- Exercise aim: From the first line of the listing below, retype each line up to and including the one with "Poetic Justice Plus"; pictures stay out.

- Data shown:
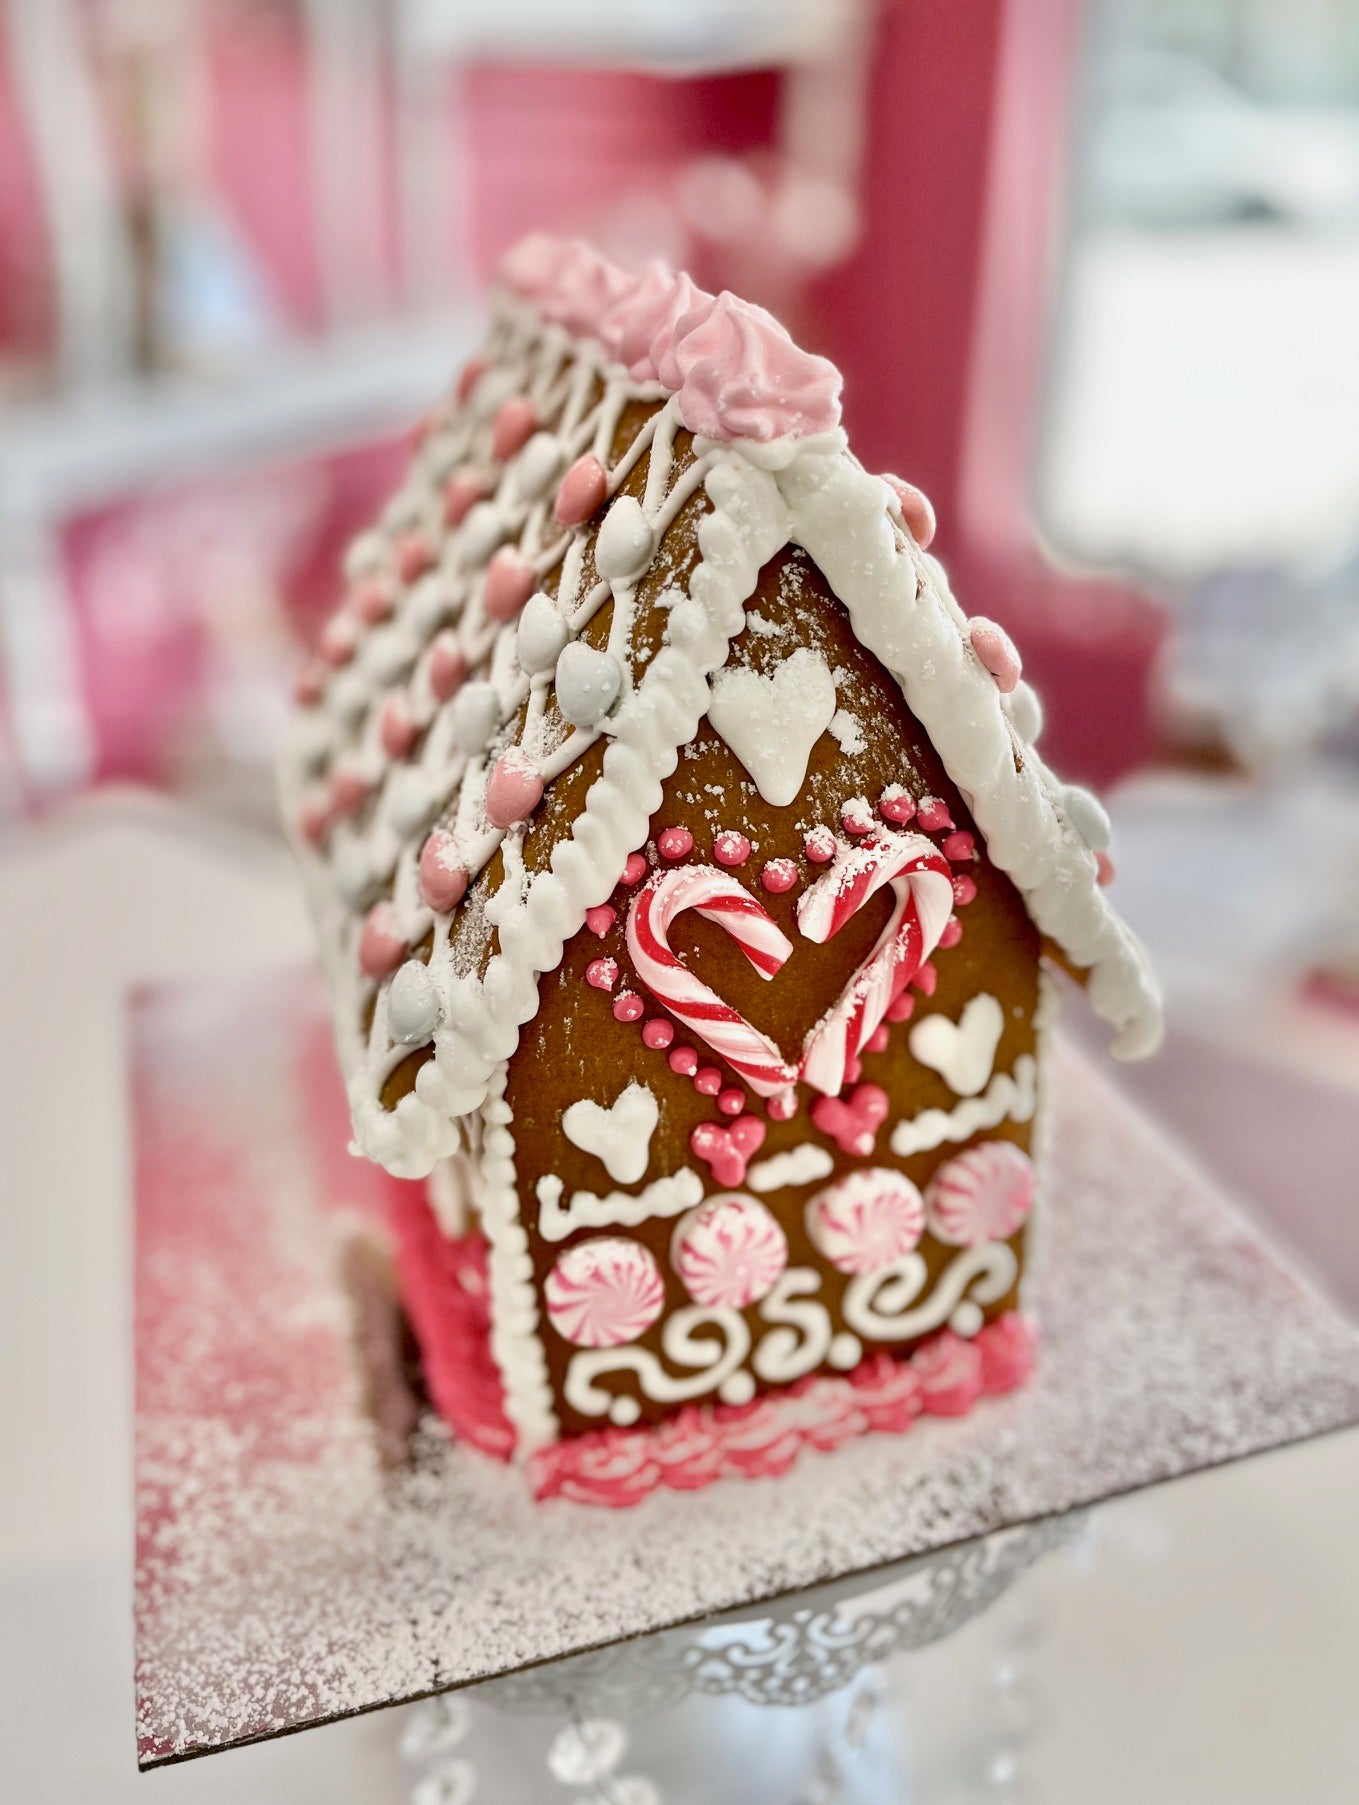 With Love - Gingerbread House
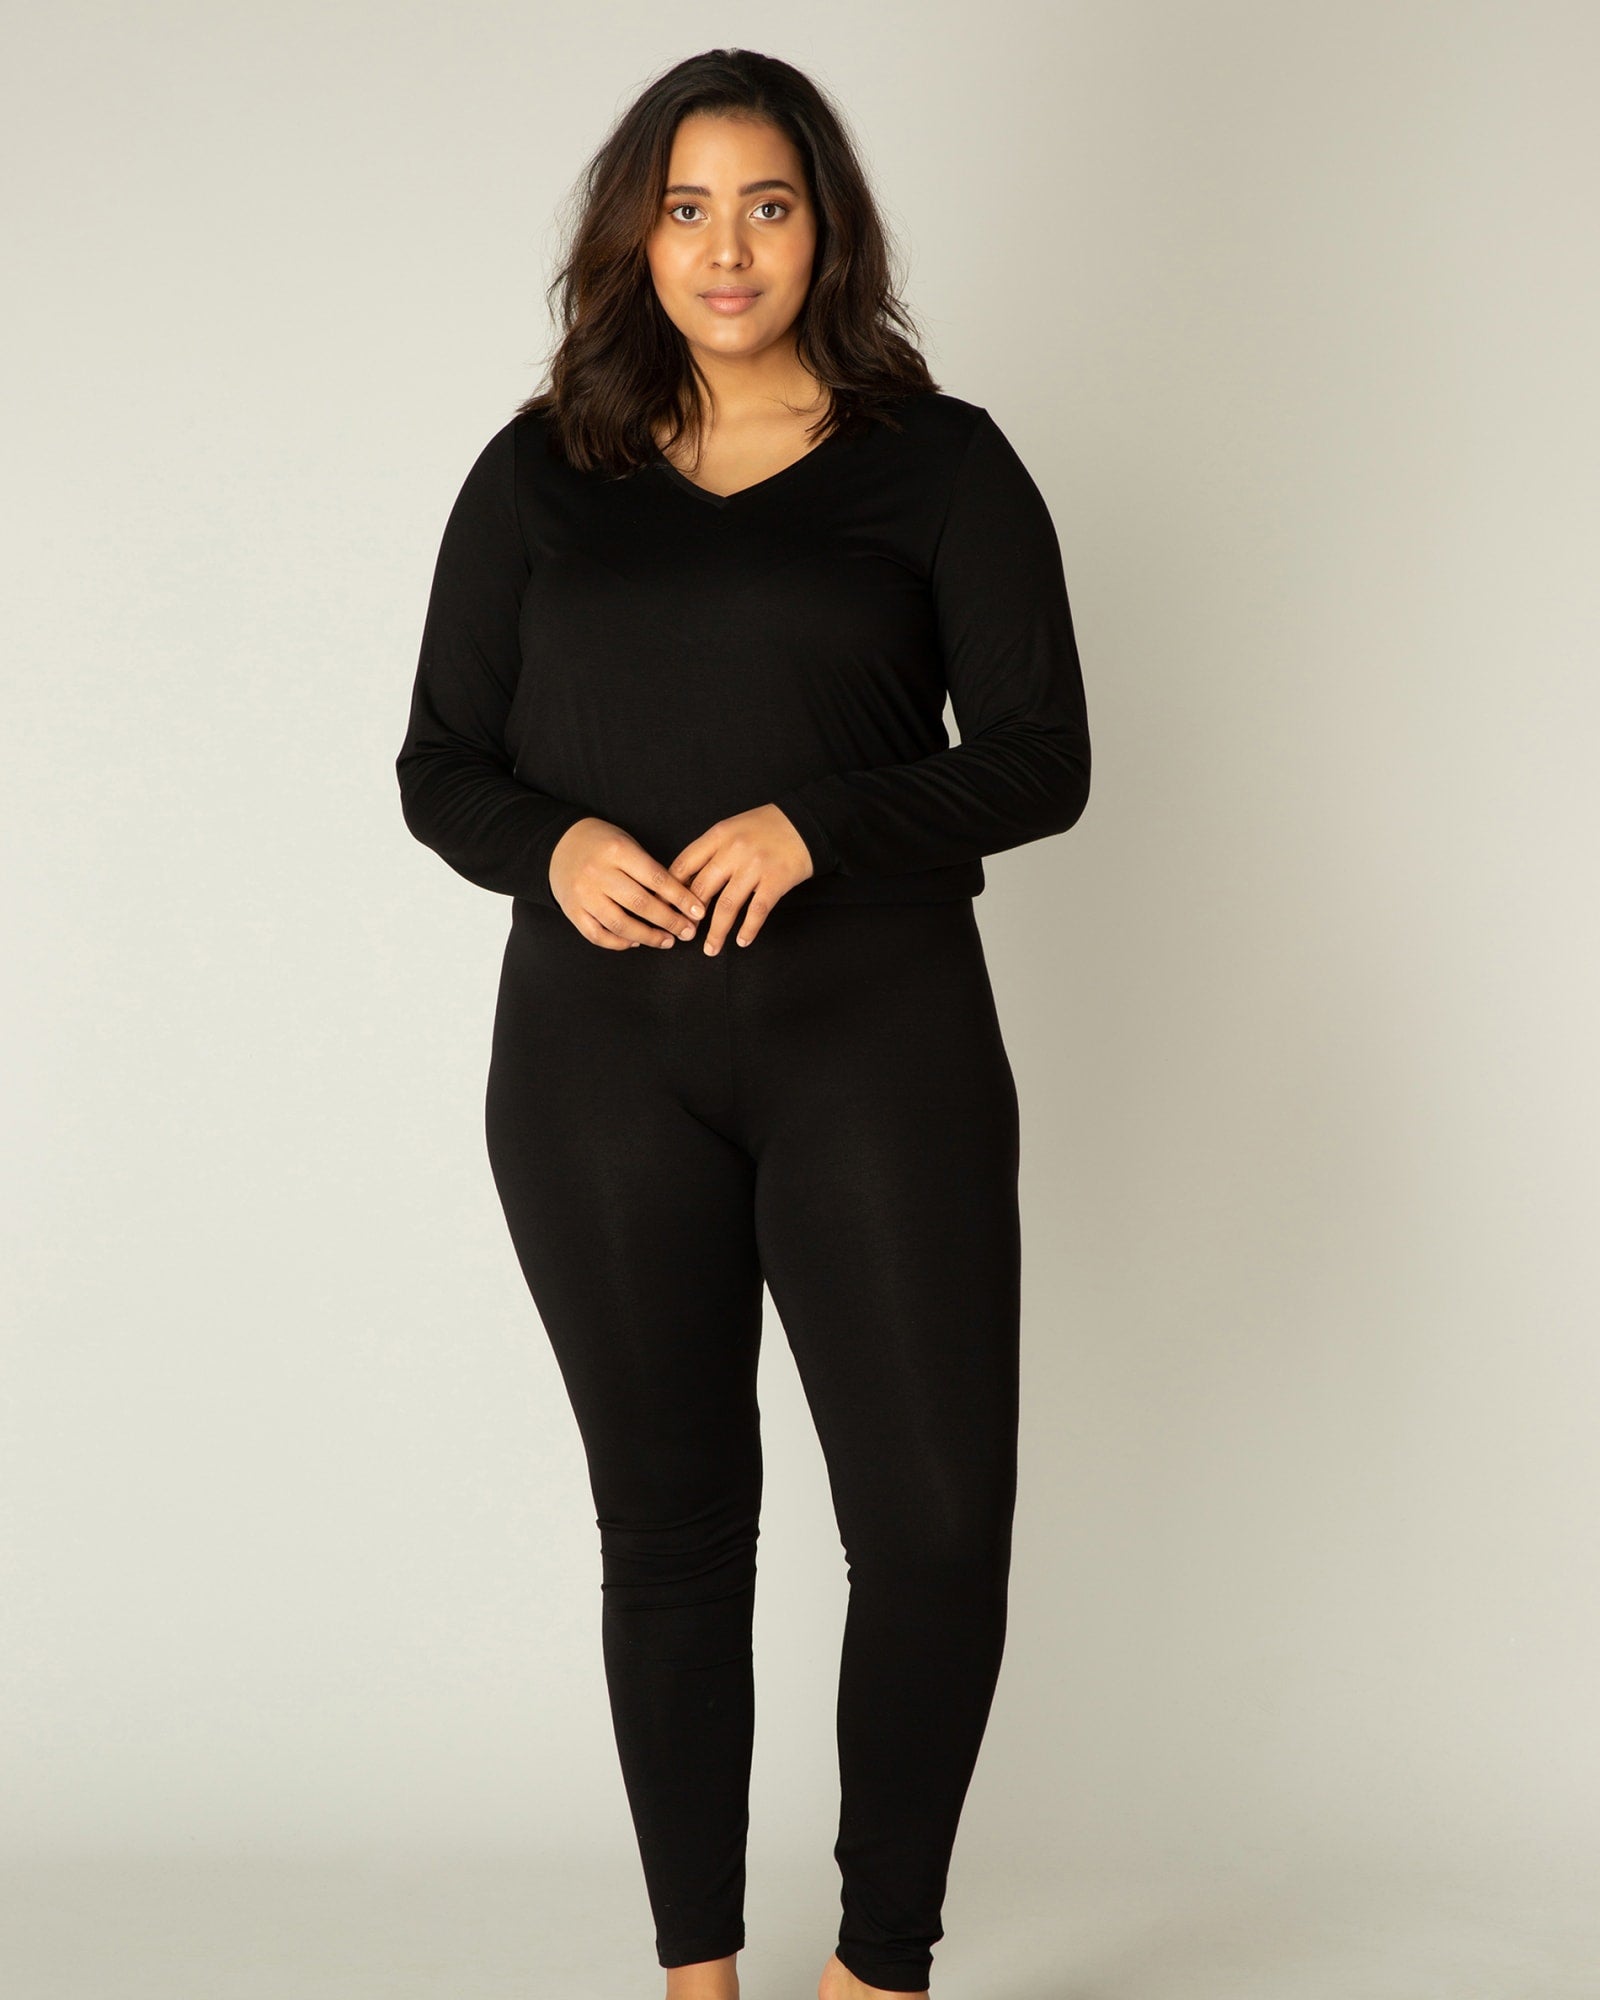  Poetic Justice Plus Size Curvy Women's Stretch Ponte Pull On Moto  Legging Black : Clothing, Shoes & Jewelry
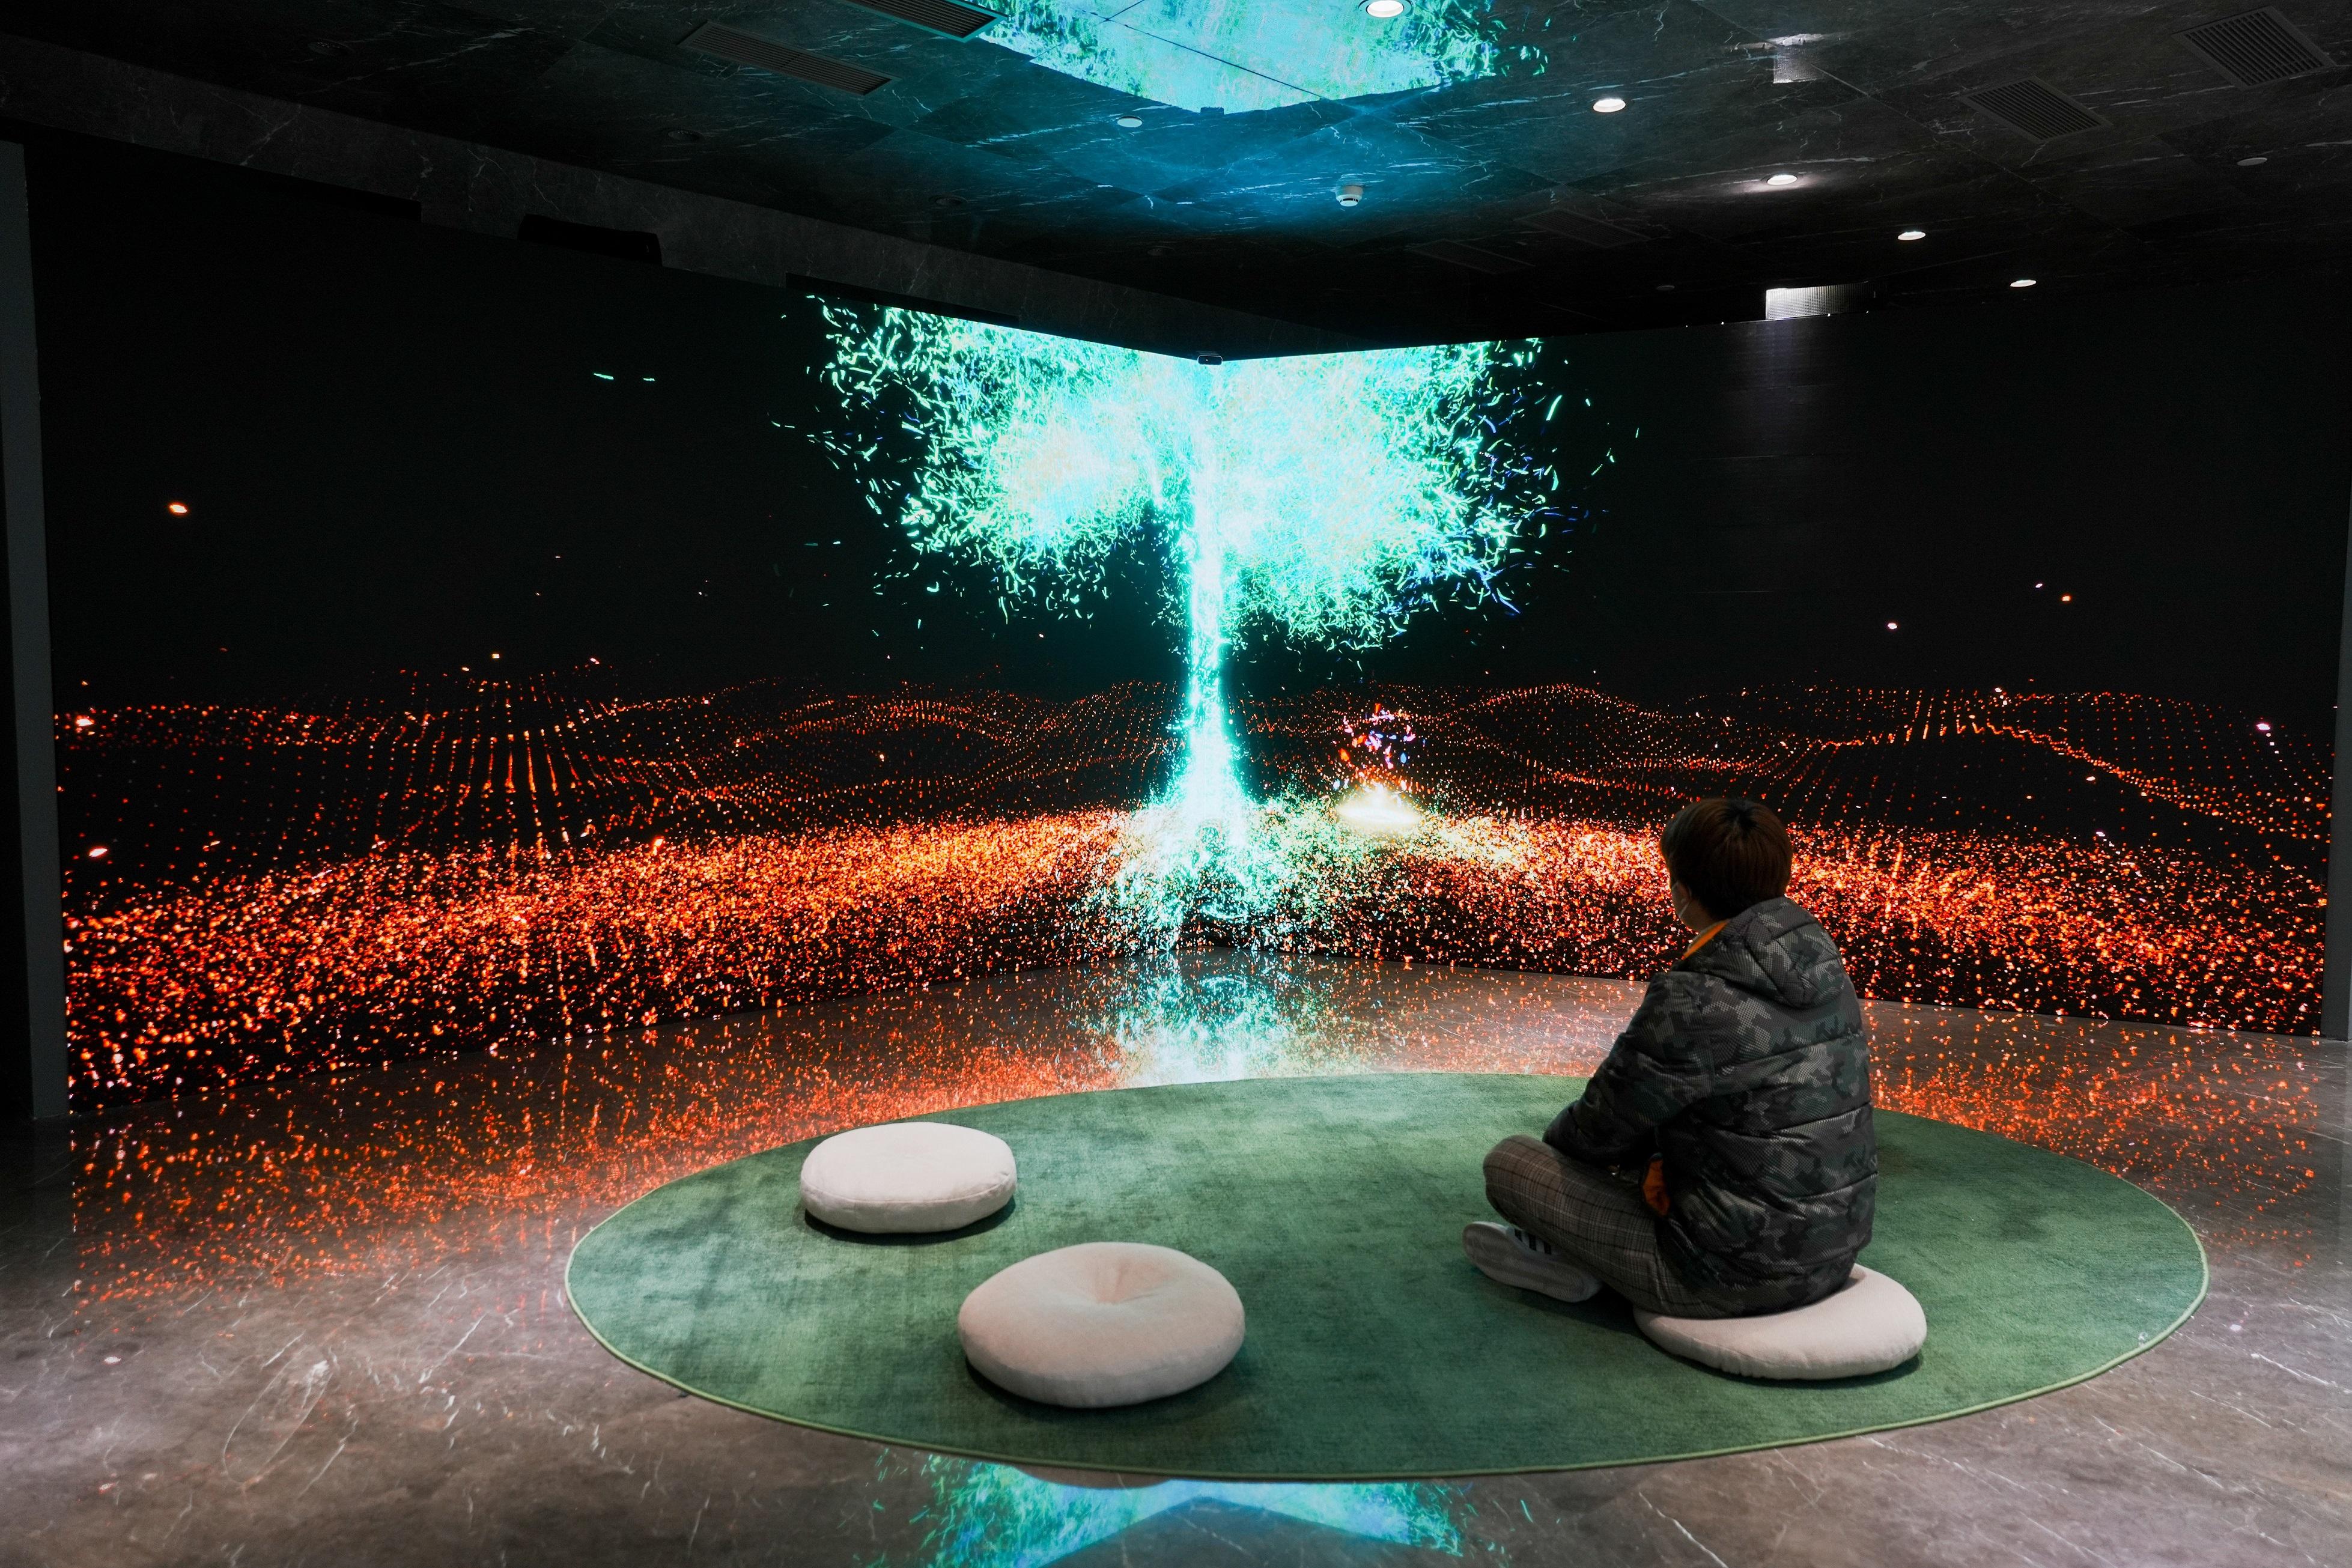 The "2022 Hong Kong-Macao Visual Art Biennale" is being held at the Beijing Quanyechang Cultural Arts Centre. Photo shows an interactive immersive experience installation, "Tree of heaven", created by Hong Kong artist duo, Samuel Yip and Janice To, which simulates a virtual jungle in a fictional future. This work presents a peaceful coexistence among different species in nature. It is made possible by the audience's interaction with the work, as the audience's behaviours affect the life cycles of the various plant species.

- Exercise answer:
 With Love - Gingerbread House
  Poetic Justice Plus Size Curvy Women's Stretch Ponte Pull On Moto  Legging Black : Clothing, Shoes & Jewelry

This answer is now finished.